The mans of the snow are not as tall as most other mans, and they are fairly plump. My teacher says the extra fat is to keep them warm and their pale color is to help them blend in with the snow so that other predators as well as prey can’t see them coming. Unlike other mans, the mans of the snow make actual clothes. They hunt the great white beos and use their hides to protect against the freezing cold. On their feet, they wear the hide of beo like primitive shoes to protect from the snow. And when they remove their shoes, you notice that their feet are different from all other mans on earth — they cannot grasp with their feet, for their feet have no thumbs. In that respect, their feet are similar to our own.

The other thing that makes the mans of the snow different from all other mans is that they are the greatest hunters of all. The people at the zoo brought in a great white beo and we watched as the mans of the snow hunted it. The people in the zoo did not let them actually kill the beo, but we got to see them preparing their tools for the hunt, setting up in attack formation, and then launching their spears. One spear hit the beo and he growled a mighty growl and then they brought down a wall between the two cages so that the mans couldn’t hurl any more spears at it. The mans of the snow are very exciting to watch at a zoo, and it would probably be great to own one as a pet, but they are very expensive.
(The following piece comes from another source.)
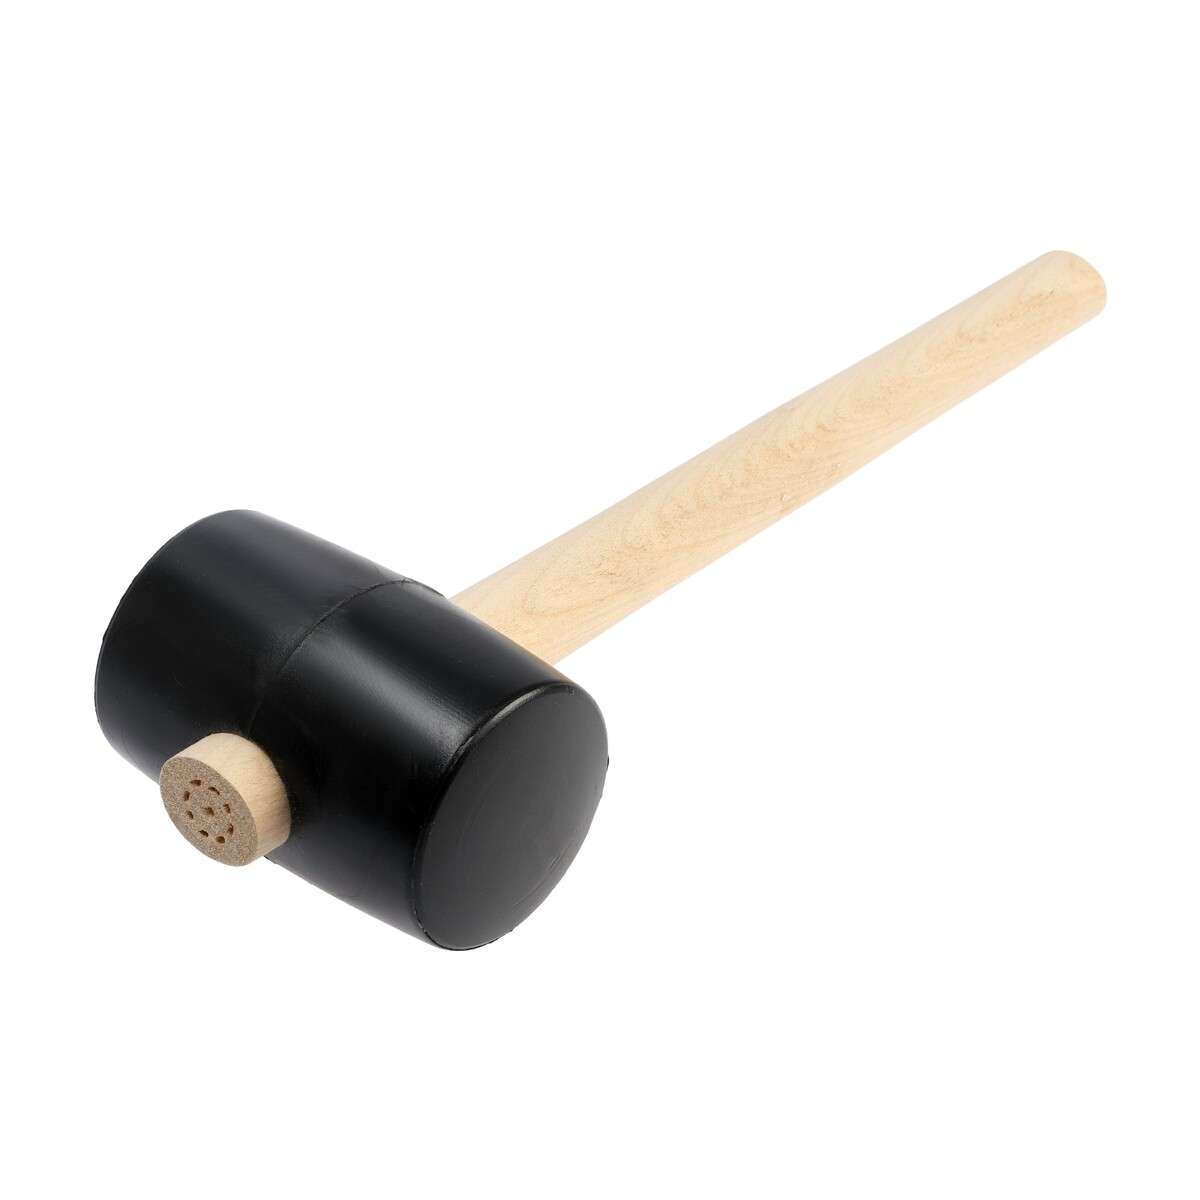 Киянка лом, деревянная рукоятка, черная резина, 65 мм, 500 г киянка тундра деревянная рукоятка черная резина 450 г
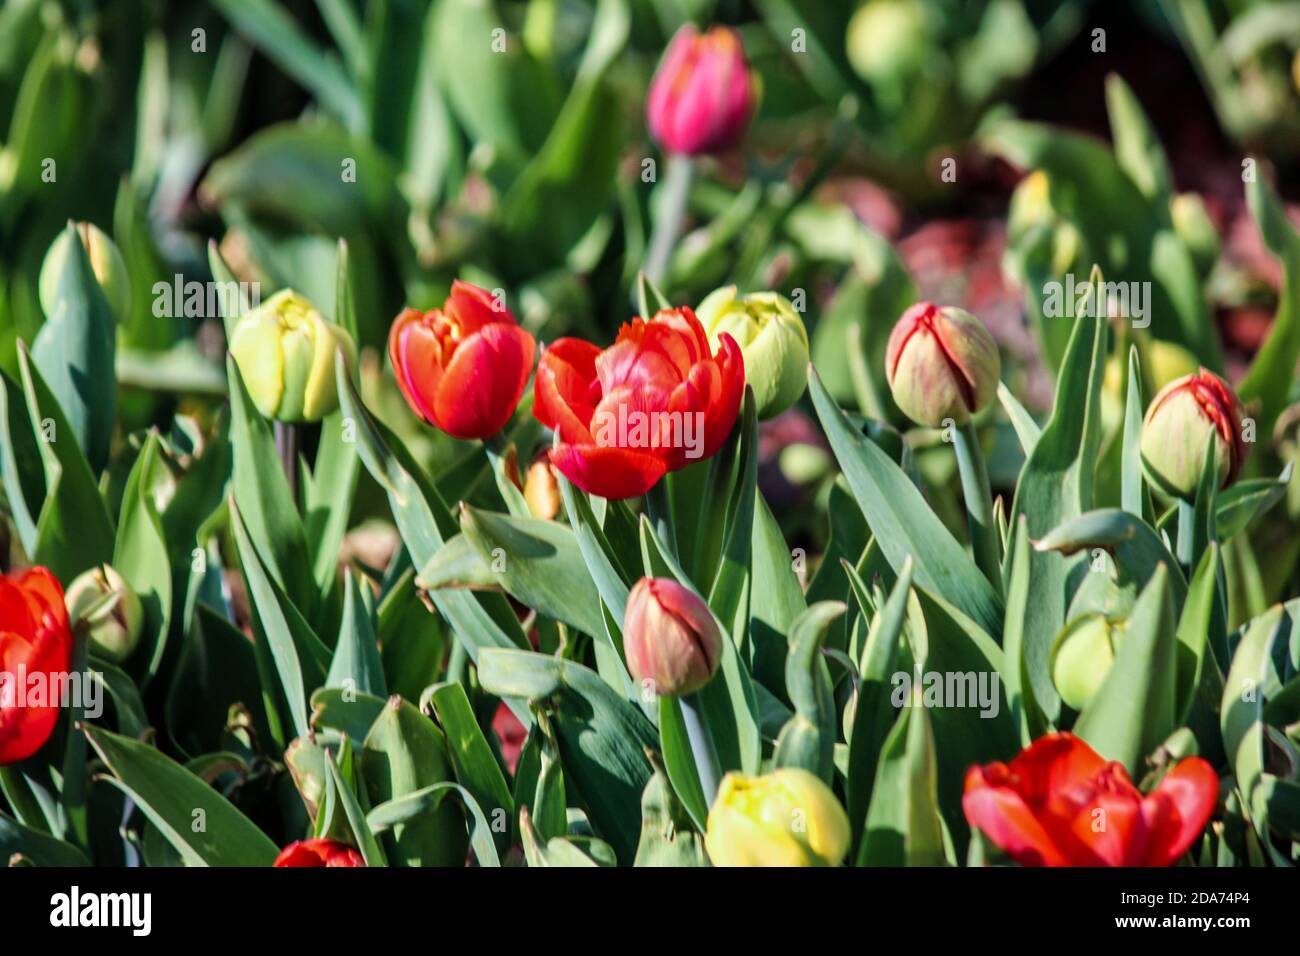 Les tulipes rouges et jaunes commencent à fleurir. Gros plan. Un bon fond pour un site sur les fleurs, la floriculture, l'art Banque D'Images

Even though my parents are not wealthy, I am fortunate that I have owned three mans in my life. My first man was not really mine and I had to give him back. My second man was a musical man and a fighting man, and I loved her very much, but she died. Now I own the best man of all. She has red hair, she is musical, and I know this will be hard to believe, but she is a talking man. Sometimes she and I argue over things because she has strong opinions. I have only had her for six months, but we do everything together and go everywhere together. We are best friends. We will be best friends forever. I never knew I could love anything so much.

In conclusion, I am so happy that I have a man. She is fun to play with. Her music is fun to listen to. She is fun to talk to when she is not being sarcastic. My life has improved a lot since she came into it. I think every child should have a man.

11

Red Locks

Now listen, Red Locks,” the boy told his female man. “I’m going to read something I wrote about you.”

“About me?”

He showed her the paper. “I wrote it for school.”

“Why me?”

“Because I love you,” he said. “You are my favorite thing in the whole world.”

“Then by all means, you should read it to me,” she said.

The boy began to read.

And she listened, enraptured.

12

The Oaf

The boy grew up and was a boy no more.

The boy grew up and became a full-grown oaf, as was his father and his father’s father before him.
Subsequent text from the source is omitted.